北芷秋愣了会儿,吩咐似儿等人离开,再堆起笑容朝他走去,“这会儿雪停了,怎么不早点回去?”
慕沉楠淡淡看她两眼,眼底晦暗不明,嗓音幽冷如寒夜的冰,“长公主,还记不记得我走之前跟你说的话?”
明明说话间还伴有吐出的热气,可他周围却比这寒冬的天气还要冷上几分。
北芷秋心里发紧,面上却似乎不明白仰头问他:“慕公子这是何意?这么晚不回去,难不成有事要做?”
瞧她一脸听不懂的样子,慕沉楠勾起嘴角,“长公主这么聪明,怎么会不知道在下说什么?”
他笑着看她,黑眸如暗夜里伺机出动的野兽,带着狠厉和果决。
北芷秋怎么会不知道他说的是什么,大军行军前,游船失火,他救了她。
他说,他最后一次放过她,让她不要去踩他的底线。
他既然挑开,北芷秋也没什么好掩饰的,朝他淡淡扫去,嗓音清冽,“如何?你的底线是什么?我何时又触碰了?还是说,你又要怎么对付我了?”
他比她高得多,她还是毫不退缩地迎上他的目光。
“不自量力!”慕沉楠就那样盯着她,黑眸能吃人,半天才吐出几个字。
距离太紧,北芷秋深切地感受到了他的不悦和压迫感,扬了扬眉梢,“是不是不自量力,咱们骑驴看唱本,走着瞧!”
害她一次还不够,还要害她第二次吗?
抱歉,她这边不允许!
她的态度彻底激怒了慕沉楠,他全身散发着骇人的气息,看人的眼神仿佛能将人剜裂,可刚要发作时,他又在她眼里看到了不一样的东西。

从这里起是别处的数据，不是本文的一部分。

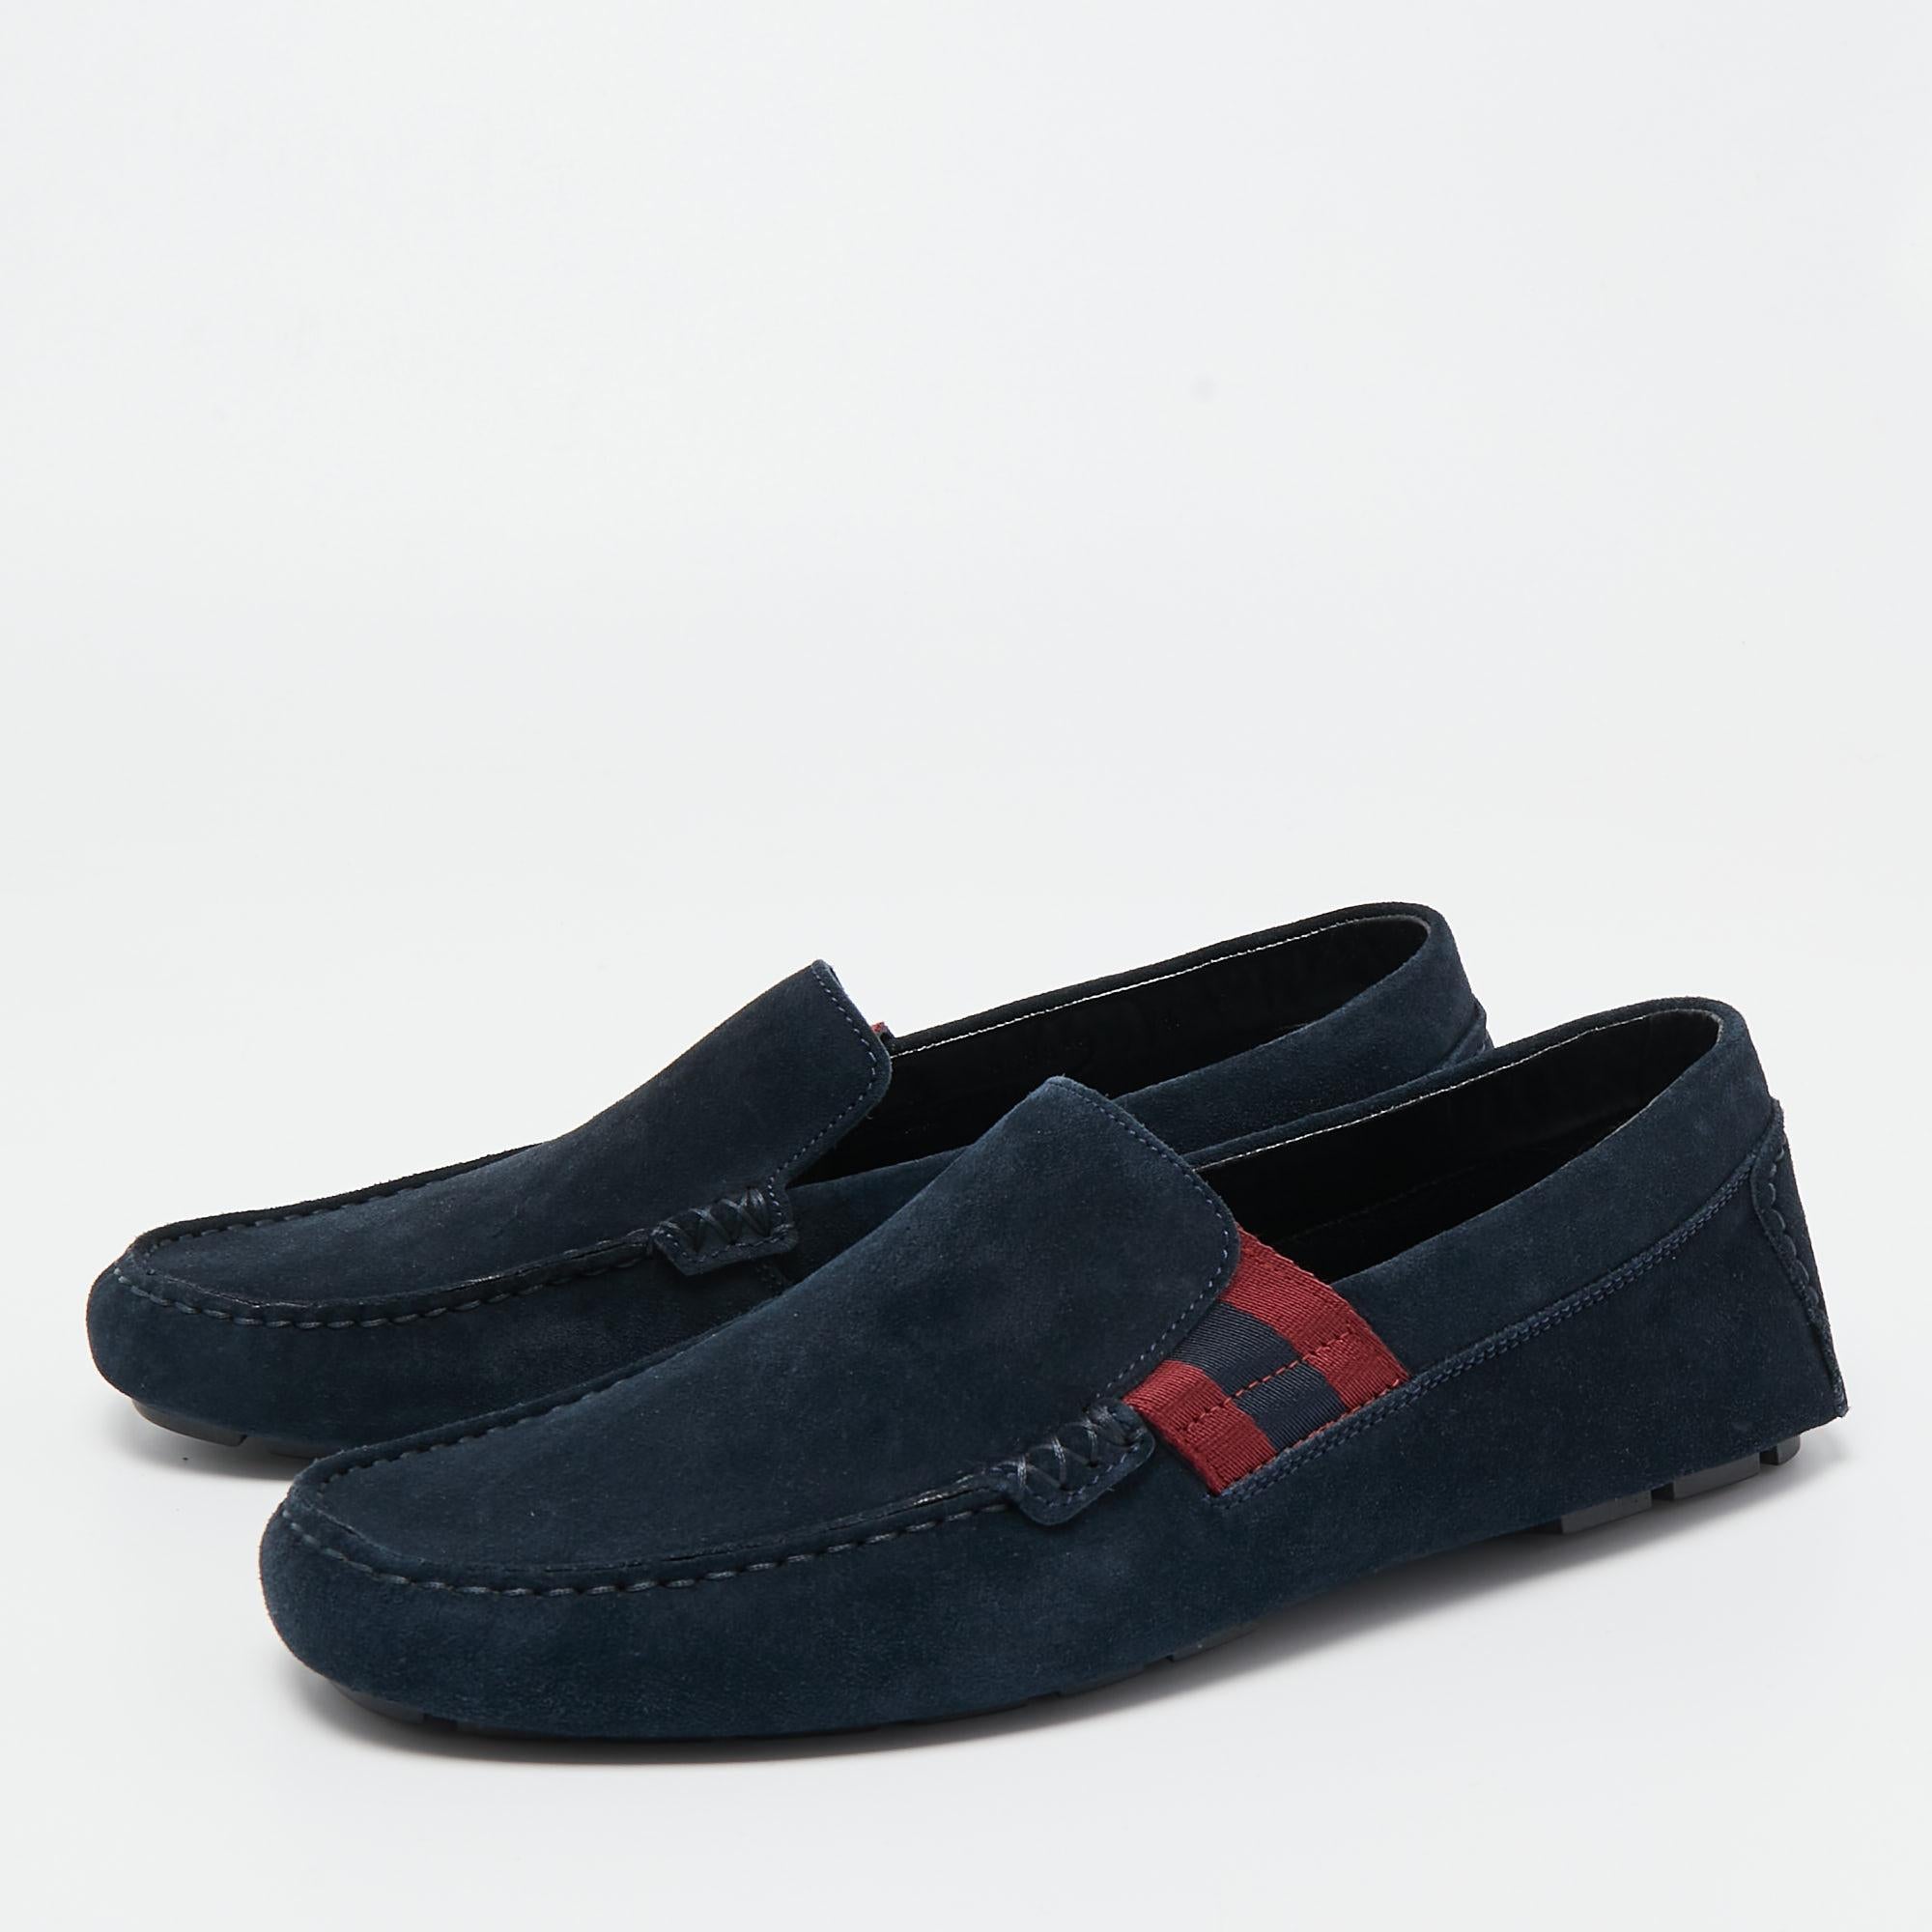 Practical, fashionable, and durable—these Gucci dark blue loafers are carefully built to be fine companions to your everyday style. They come made using the best materials to be a prized buy.


Includes
Original Dustbag, Original Box

她深藏在厚厚的斗篷里的小身板在颤抖,她冷,她更害怕,她在努力掩盖真实的情绪。
她怕他!
这就是她刚才做那些事的理由?
那小宫女拿的瓷瓶,分明是涂了东西。
莫名地,慕沉楠胸口一阵烦躁,想撒气,却无从下手。
北芷秋清冽的声音传来,“慕公子,天色不早了,本宫该回去了,慕公子也早些回去休息。”
她朝他微微一笑,大方典雅,她自小学习礼仪,举手投足都透着优雅的气息,纵使是在他面前伪装的端庄,却还是美得一塌糊涂。
慕沉楠斜睨着她,深邃的眼眸看不出情绪,忽地邪魅一笑,“长公主的礼仪学得很好,可有没有人教过你,不要自作聪明。”
他这人邪戾入髓,纵使气消了大半,还是看着就让人觉得不好惹。
北芷秋身子一顿,要抬起的脚步收回,“慕公子在提醒本宫吗?”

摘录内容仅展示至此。